Moving forward despite renewed turbulence in South Sudan

Pastors in Juba
Juba, South Sudan

Whilst disturbing news reports are still coming in of more violence in the north west of the country, life has all but returned to normal in Juba and the southern region of South Sudan.  Nightly curfews remain in the capital but during the day the streets are busy and people are going about their normal daily business.

At Anglican International Development we are thankful that our projects have remained on track despite the recent turbulence.  Manna Microfinance, our microenterprise development programme, has continued to hold group meetings and our clients have kept up their repayments as well as benefitting from training and group interaction.  Our sanitation project (click for more details), led by Remijo Lino, is recruiting volunteers to be trained to work in local communities.  Meanwhile, Rev.
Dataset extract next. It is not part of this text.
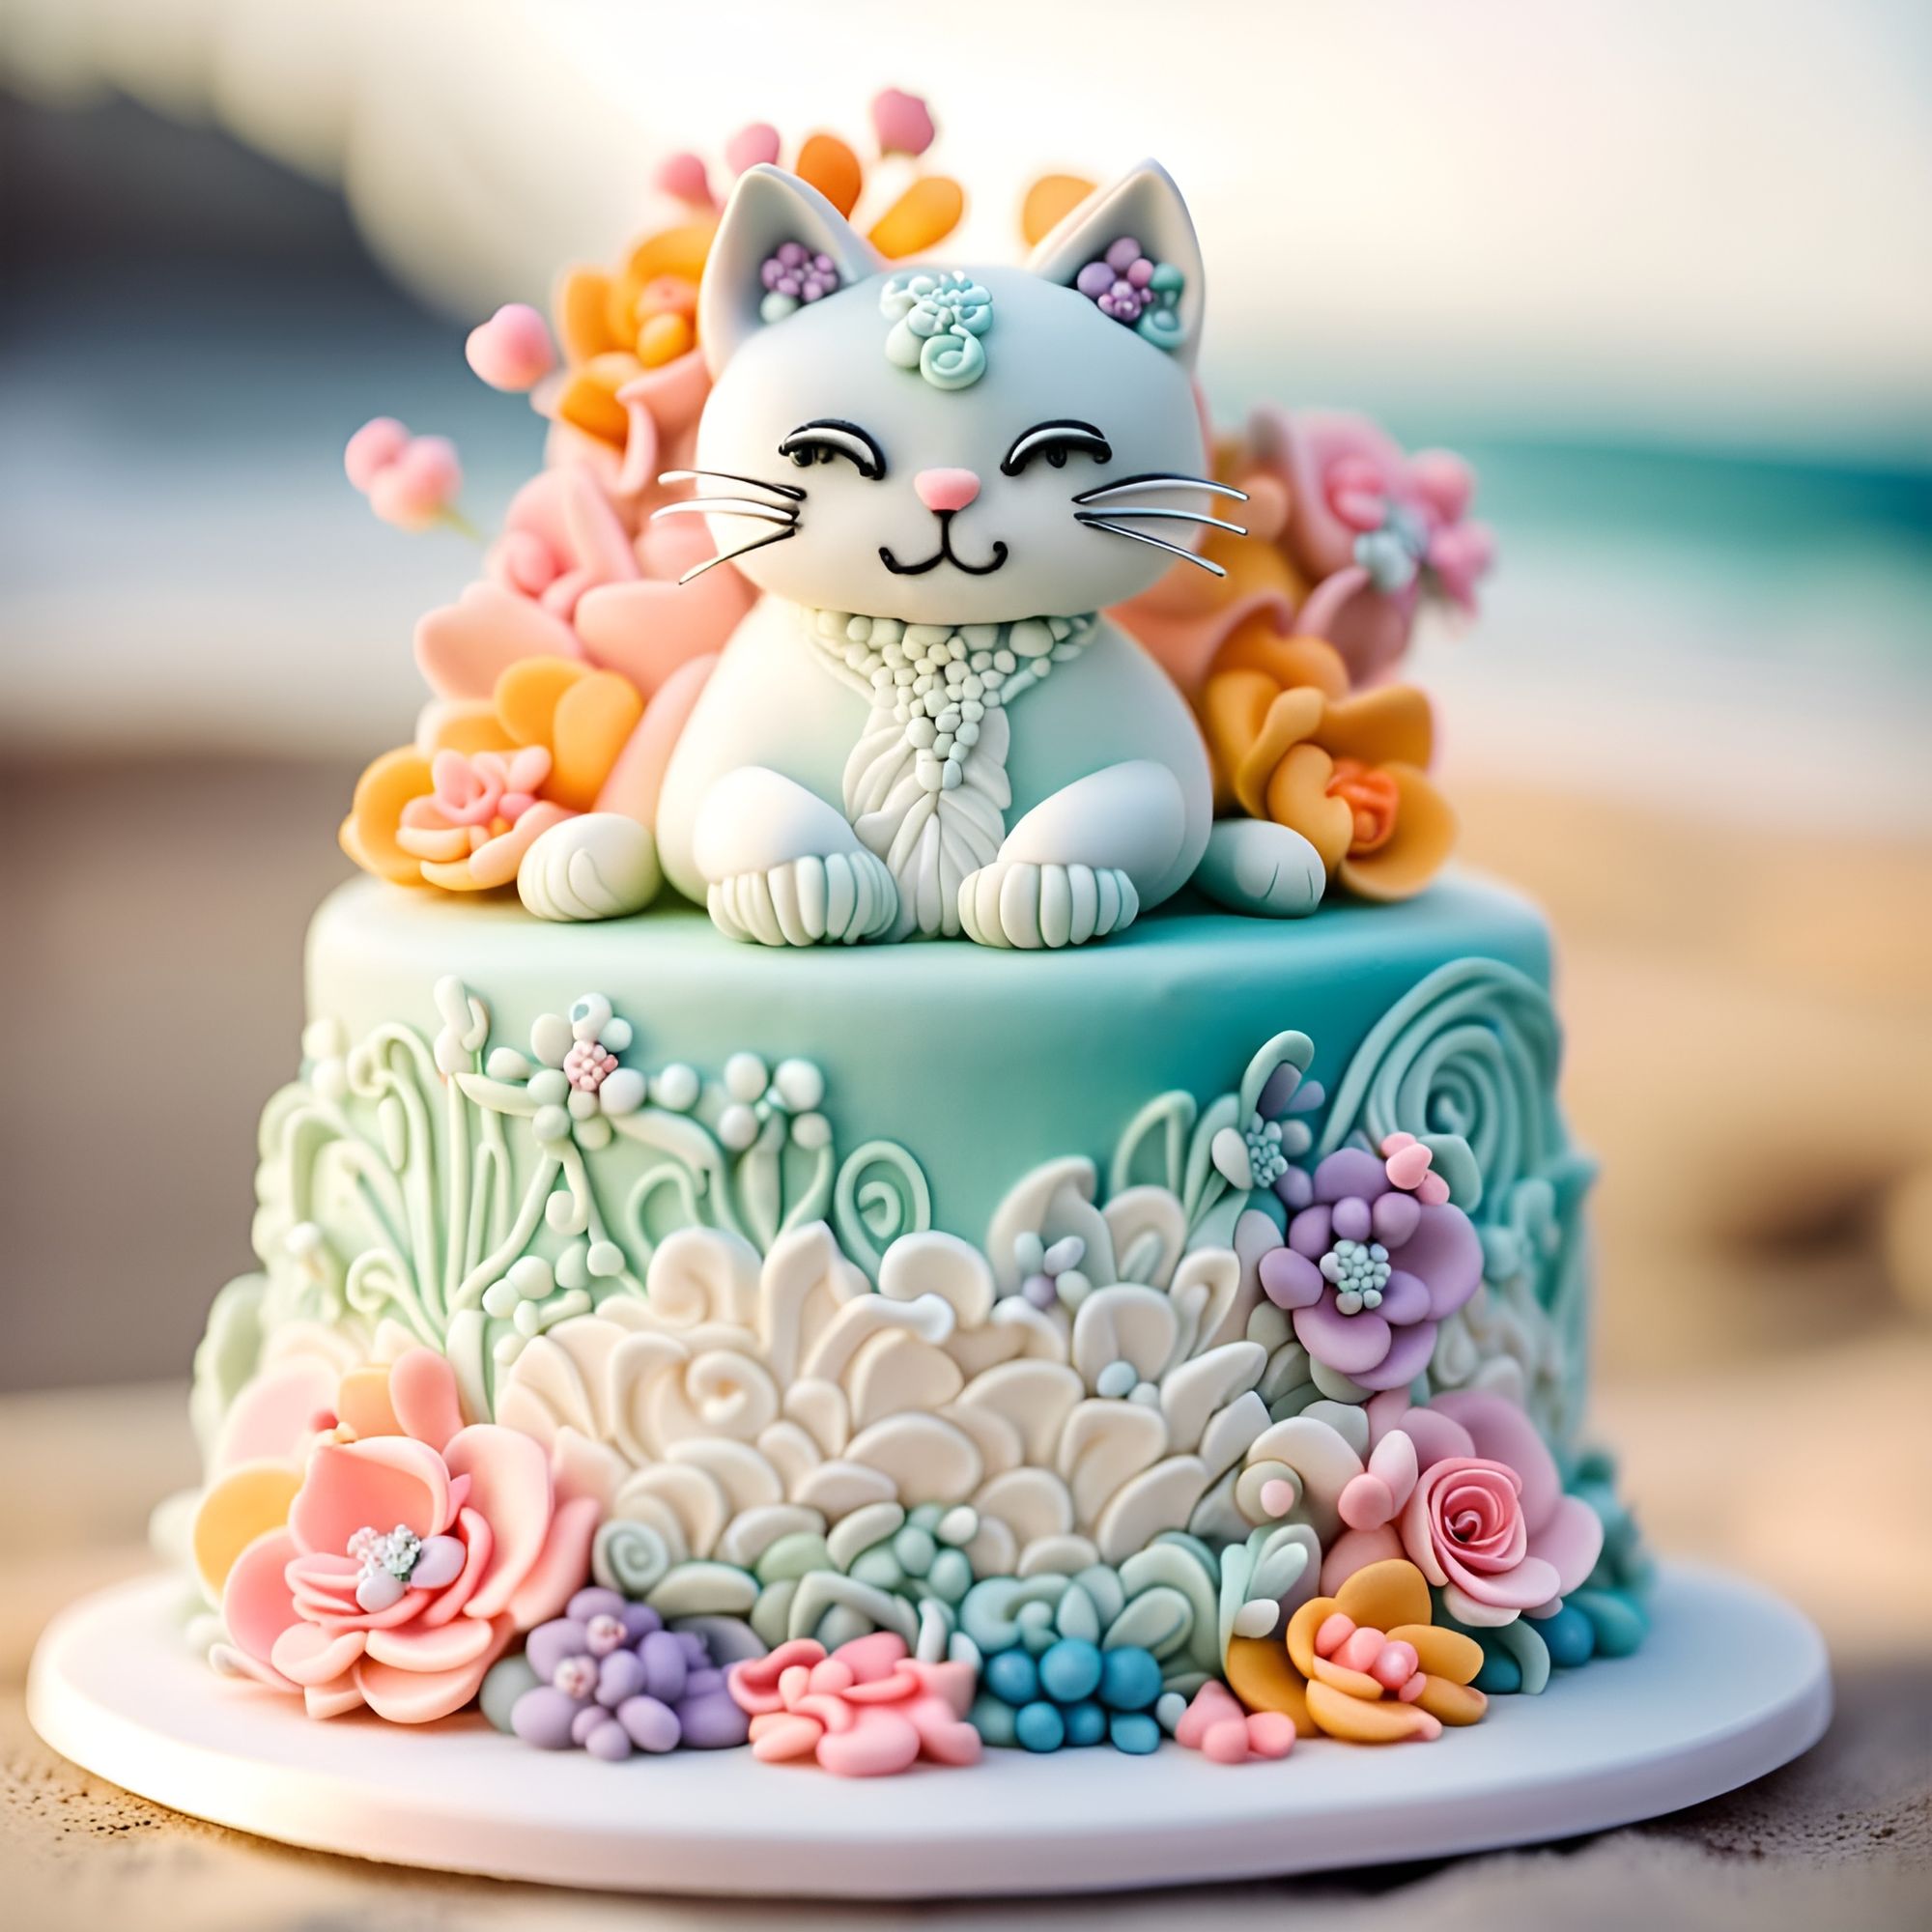 Cute Buttercream Cat Cake - CakeCentral.com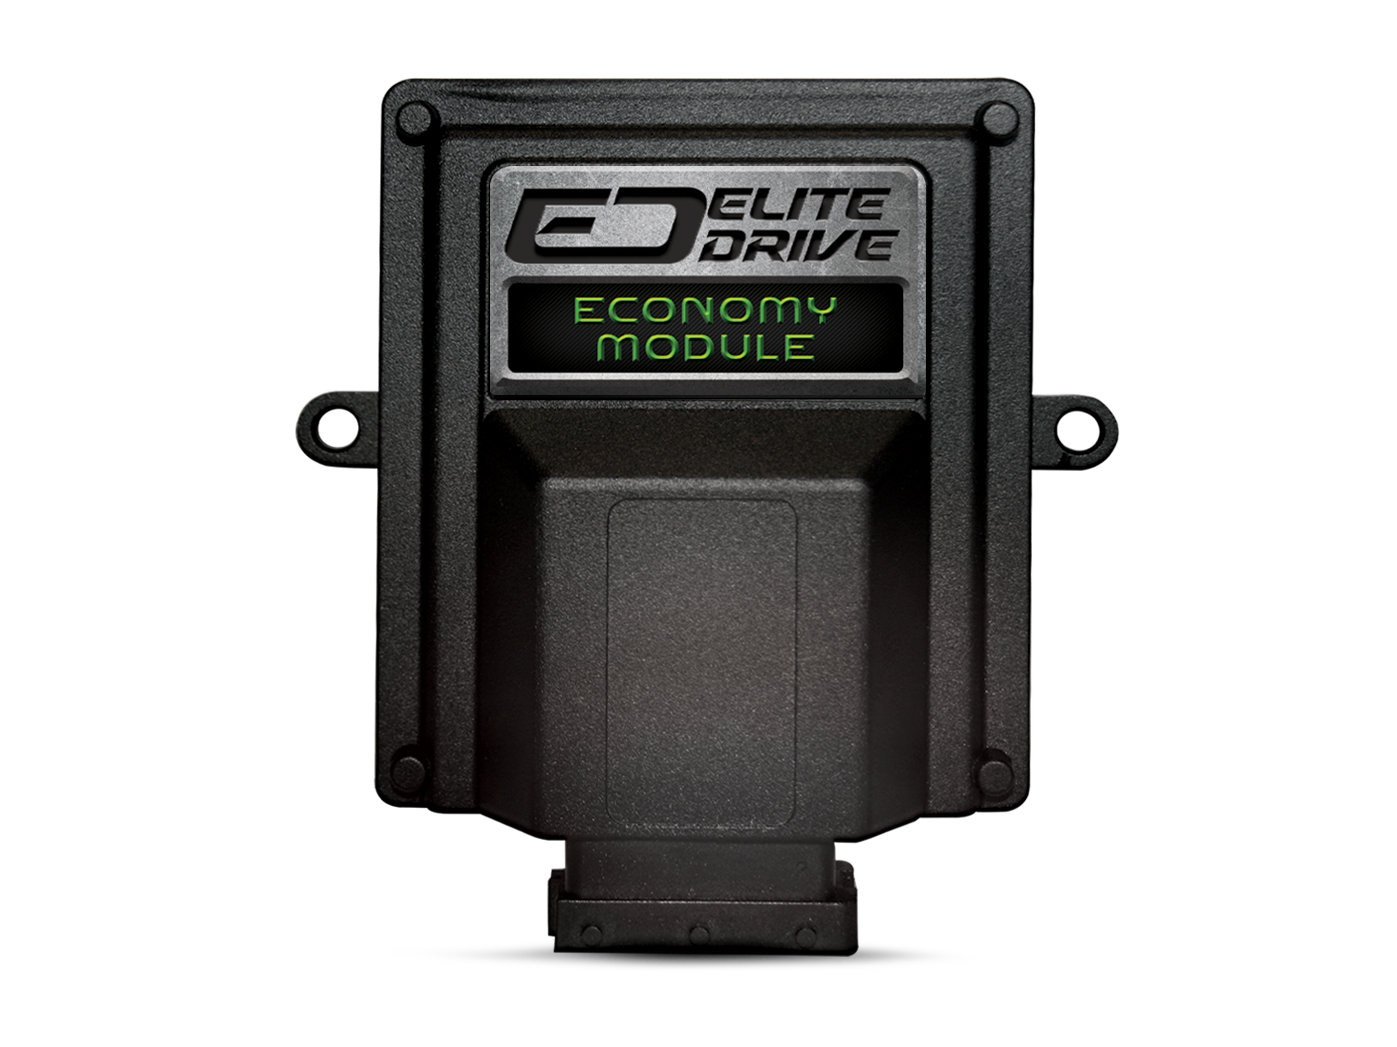 EliteDrive Diesel Economy Power Module suits Isuzu MUX

Malis Basha, the Episcopal Church of the Sudan’s Mission & Evangelism Co-ordinator, has with AID’s help been running pastor training (click for more details) in Munuki and Gabat as part of his work to strengthen churches.  We praise God for this encouraging progress.

Clinical Officer Eye Yei Martha Clinic South Sudan
A clinical officer at work in Yei, South Sudan
Photo: Tom Price

In the meantime, preparations are almost complete for 50 South Sudanese students to commence training as Clinical Officers at the Mengo Hospital in Kampala, Uganda.  Training will start after a commissioning service in Juba, following which the students will board a bus to Kampala.  This is such an important project for South Sudan, where less than 50% of the population has access to healthcare and women & children particularly suffer.  The International Christian Medical & Dental Association, supported by AID, will be running this vital programme.

This week, John Inglis-Jones will be in Kampala and Juba to visit all these projects and judge progress.  We thank all of our supporters for their prayers and financial support and look forward to updating them in more detail once John returns to the UK.